There are numerous benefits to allowing more natural light into your home, but the most obvious of these are the massive savings you can achieve with a reduced utility bill. Logically, the more natural light you have in your home, the less electricity you consume via lighting, but this isn’t the only benefit, and it’s far from the biggest one, either. A large benefit related to energy use is that natural light can help to heat your home.

Natural Light

Researches have also revealed that natural light offers a number of health benefits, including:

  • Sunlight increases the level of serotonin and endorphins in your brain, making you feel happier
  • The UV radiation acts as a natural antiseptic
  • One of the best sources of vitamin D is sunlight
  • Sunlight helps prevent childhood diseases and osteoporosis
  • Increased exposure to sunlight helps to manage premenstrual syndrome, insomnia, and seasonal affective disorder

All these are good reasons to design your home for natural light.

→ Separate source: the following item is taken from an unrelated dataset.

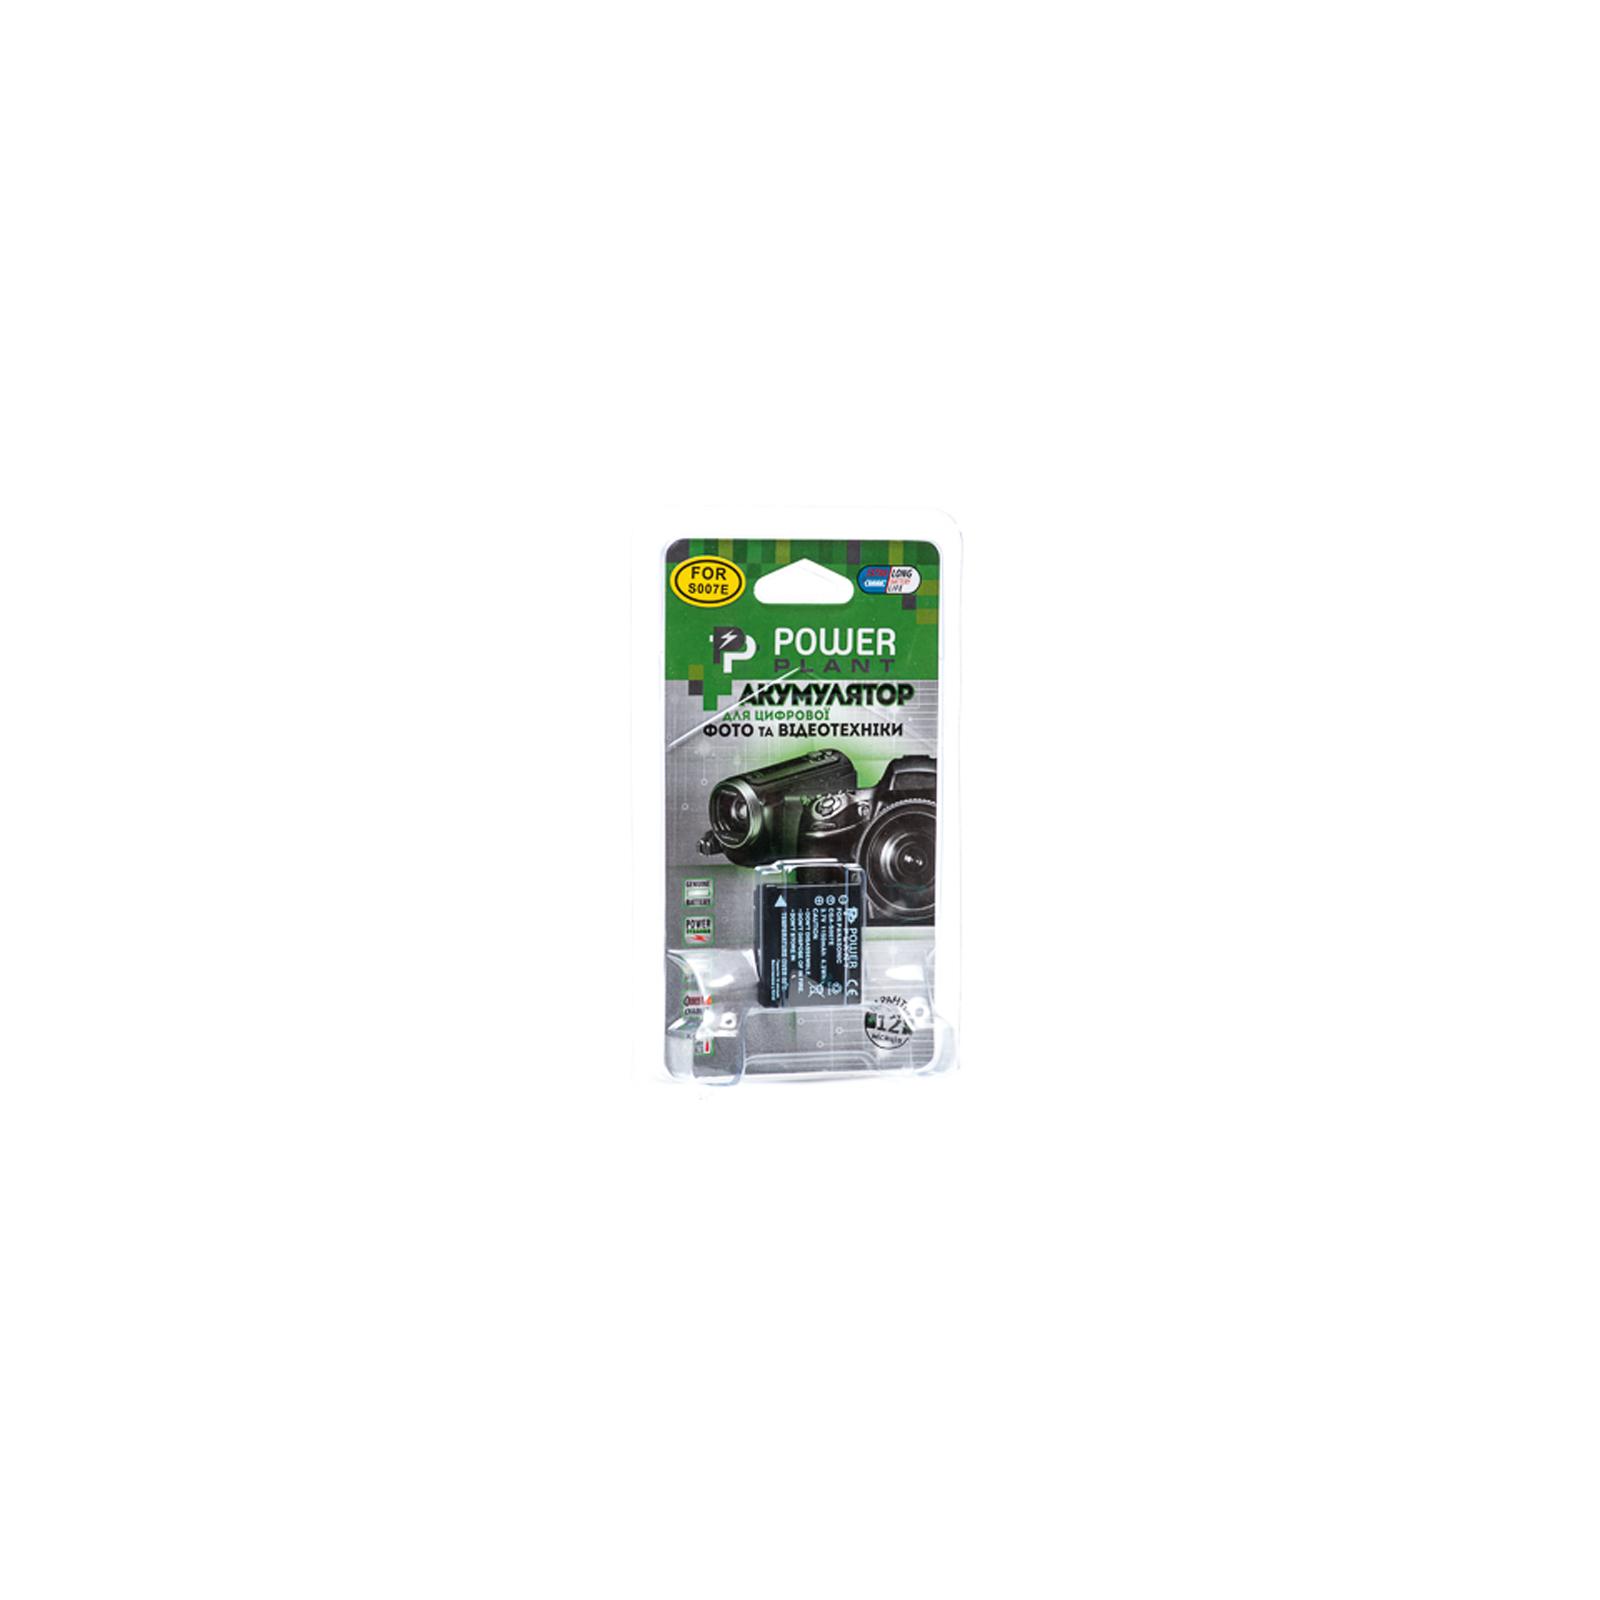 Аккумулятор к фото/видео PowerPlant Panasonic S007 (DV00DV1147) изображение 3

But how can you achieve this?

Positioning of your home

The orientation of your home in regards to the sun is one of the key factors when it comes to increasing natural light in your house. In the northern hemisphere, the sun is always to the south, which means that whichever wall is facing the south receives the most sunlight. To increase natural light, the longest side of your home should face south, and have minimal jogs and offsets that could increase shade.

Additionally, you should have the rooms with the most daytime activity positioned along this wall, like the kitchen and living room. Other room arrangements can be made depending on how much sunshine is desired.


These provide the easiest and cheapest way to maximise natural light into your home. Large windows allow in more light, but this also means more natural heat, which may not be desirable during the hot summer months. To get an appropriate balance of natural lighting and heating, you should consider window proportions depending on the home orientation as follows:

  • South facing walls – cover 5 to 12 % of the house floor area
  • East facing walls – cover less than 4% of the floor area
  • North facing walls – cover less than 4% of the floor area
  • West facing walls – cover less than 2% of the floor area

Depending on your home measurements, you can determine whether floor-to-ceiling or clerestory windows are great for your home, or perhaps you should opt for a more custom look.

Finally, you should note that daylight levels vary with the time of day, season, and weather. It may seem obvious, but you should consider installing Tubular Daylighting Devices (TDDs) or skylights to make up for dull days. For more information, contact our expert team today!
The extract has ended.